Activity |
Every line of the listing below is to be duplicated exactly, with the pictures left out.

Recorded data |
——————

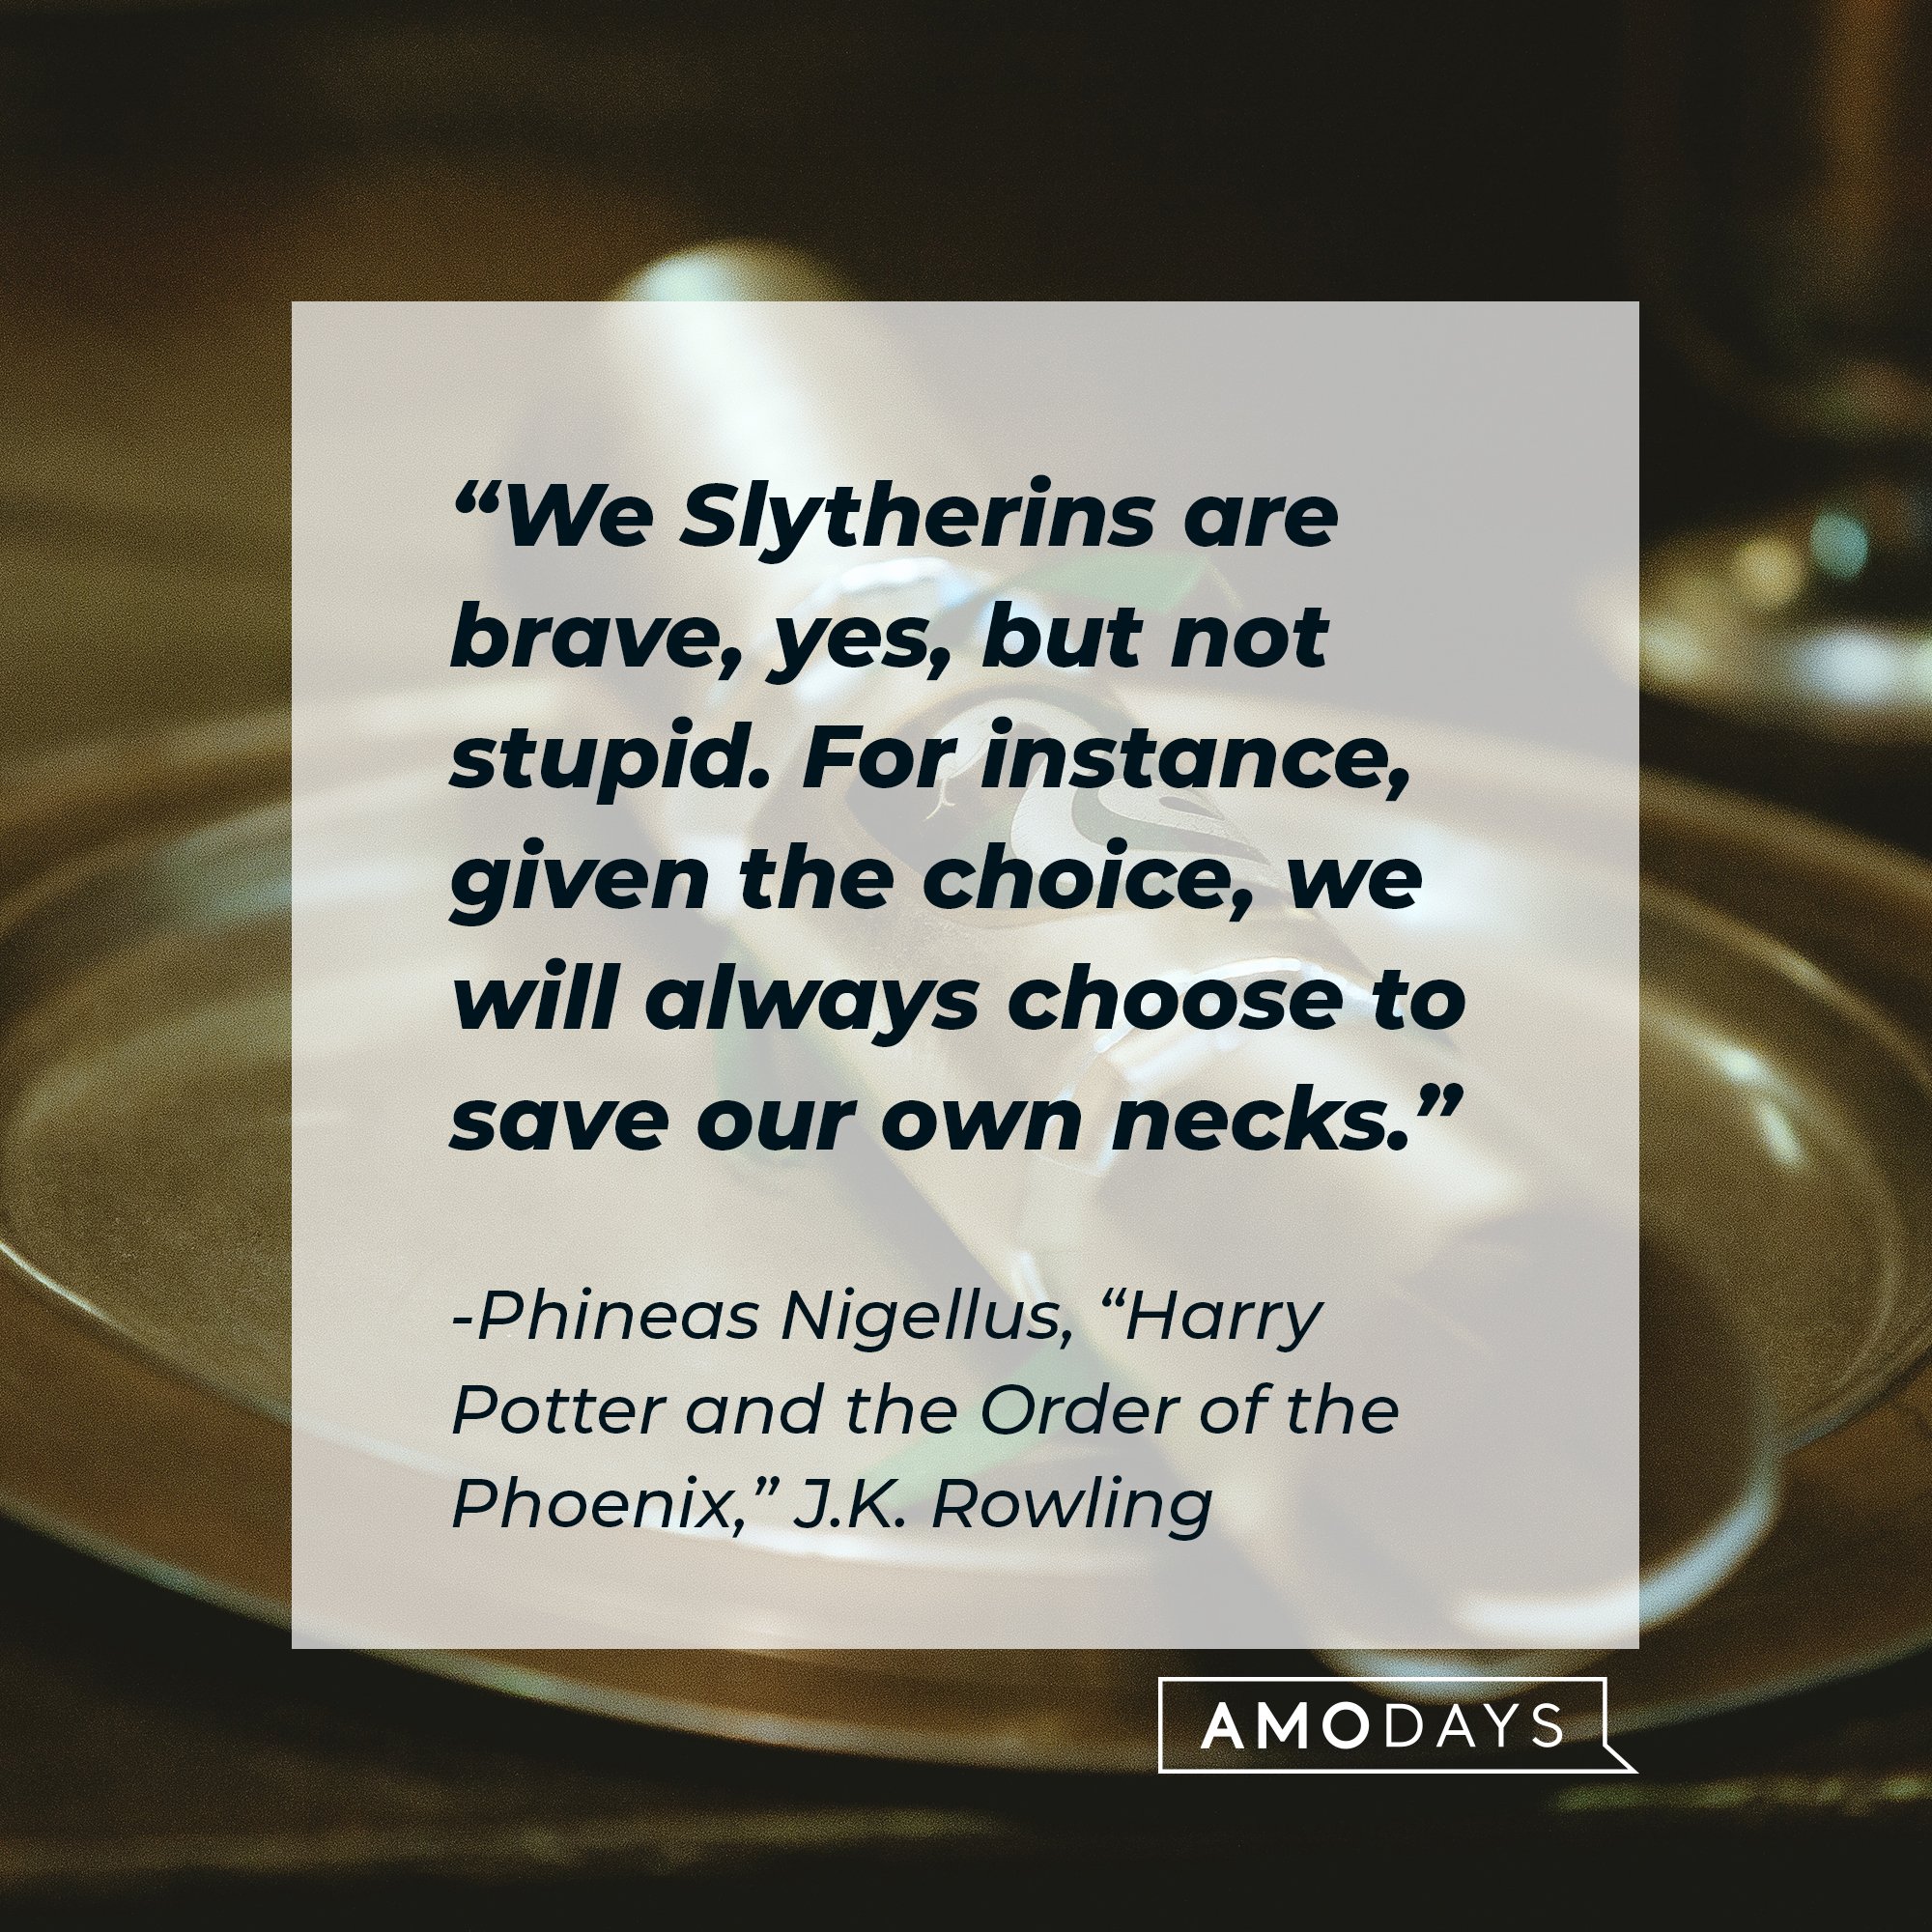 Phineas Nigellus’ quote from "Harry Potter and the Order of the Phoenix,":"We Slytherins are brave, yes, but not stupid. For instance, given the choice, we will always choose to save our own necks." | Image: AmoDays
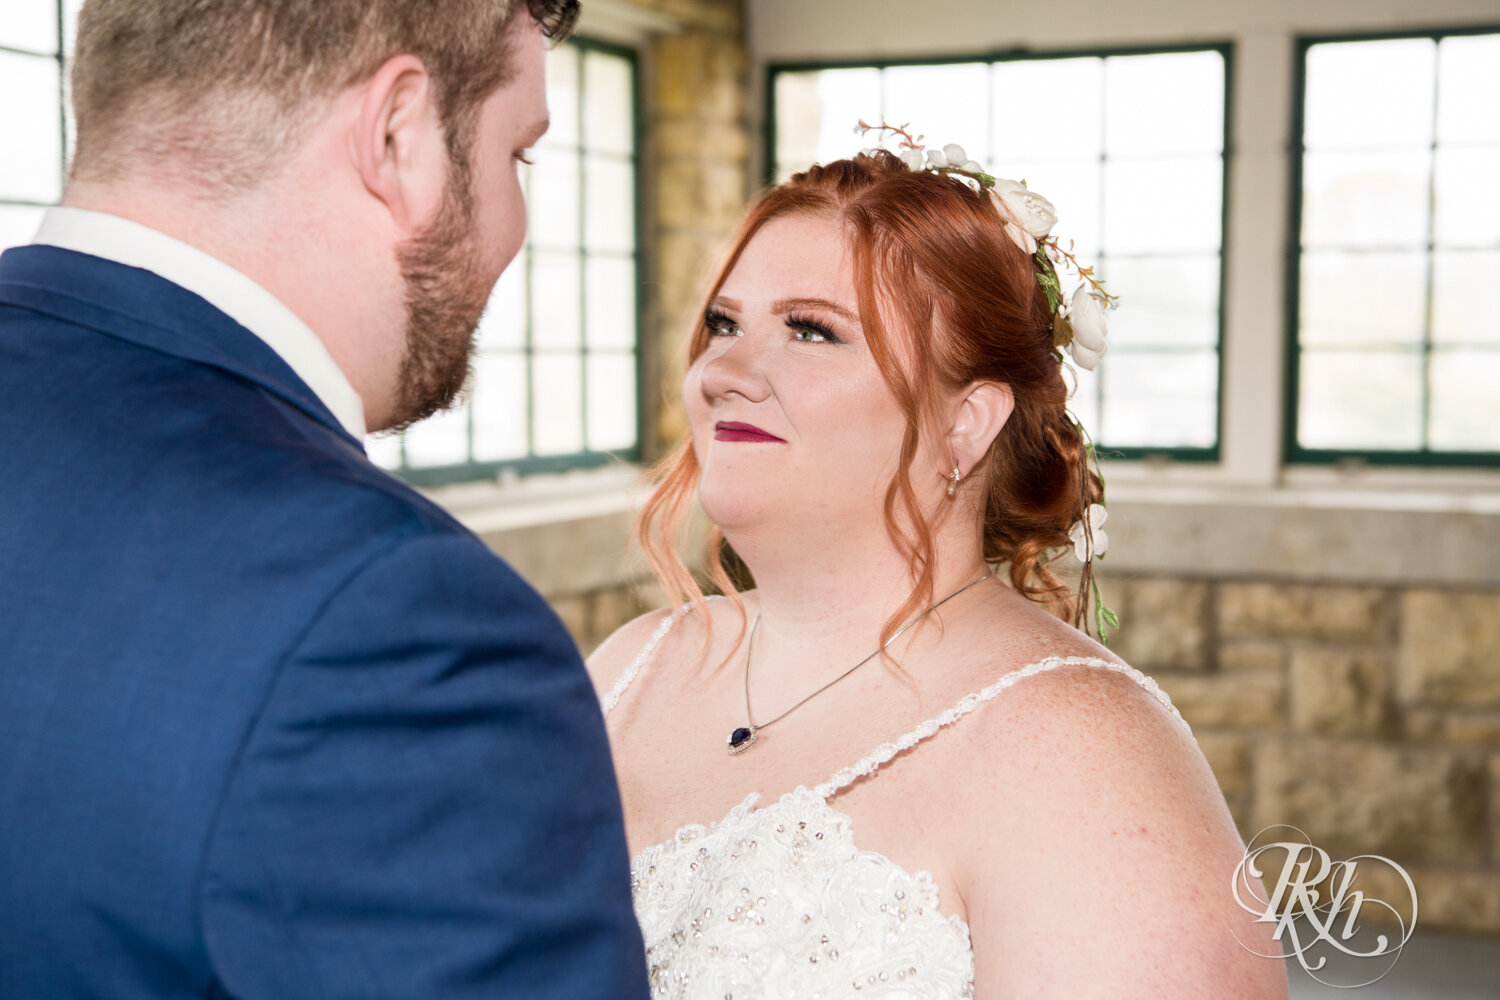 Plus size bride and groom share first look at wedding at Olmsted County Fairgrounds in Rochester, Minnesota.
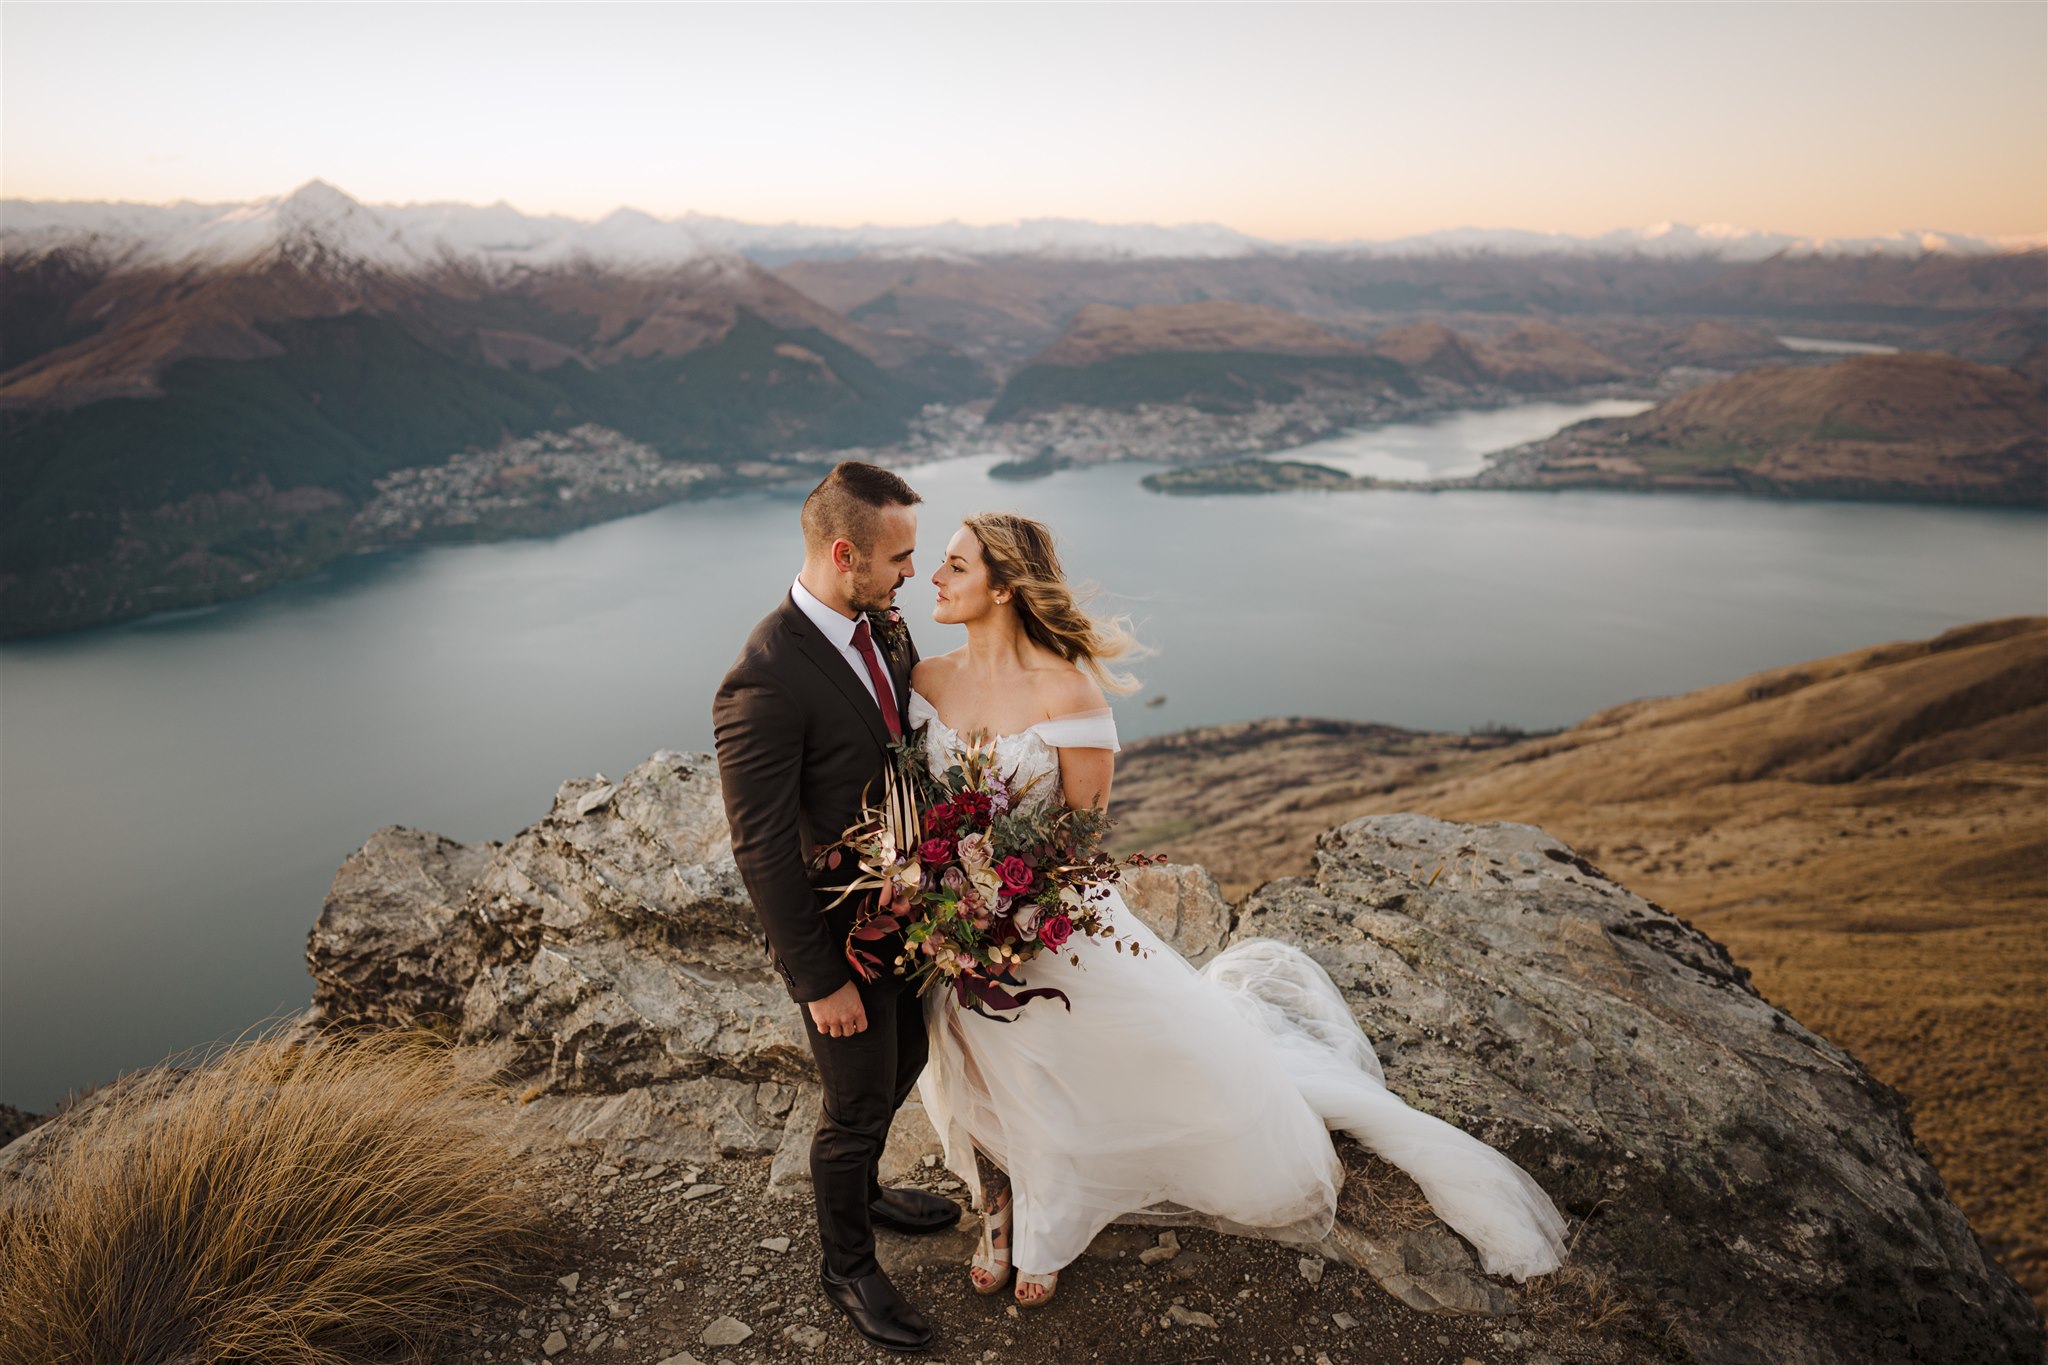 bride and groom at The Ledge, Cecil Peak, Queenstown, New Zealand with Lake Wakatipu

——————

Exercise result |
 Phineas Nigellus’ quote from "Harry Potter and the Order of the Phoenix,":"We Slytherins are brave, yes, but not stupid. For instance, given the choice, we will always choose to save our own necks." | Image: AmoDays
 Plus size bride and groom share first look at wedding at Olmsted County Fairgrounds in Rochester, Minnesota.
 bride and groom at The Ledge, Cecil Peak, Queenstown, New Zealand with Lake Wakatipu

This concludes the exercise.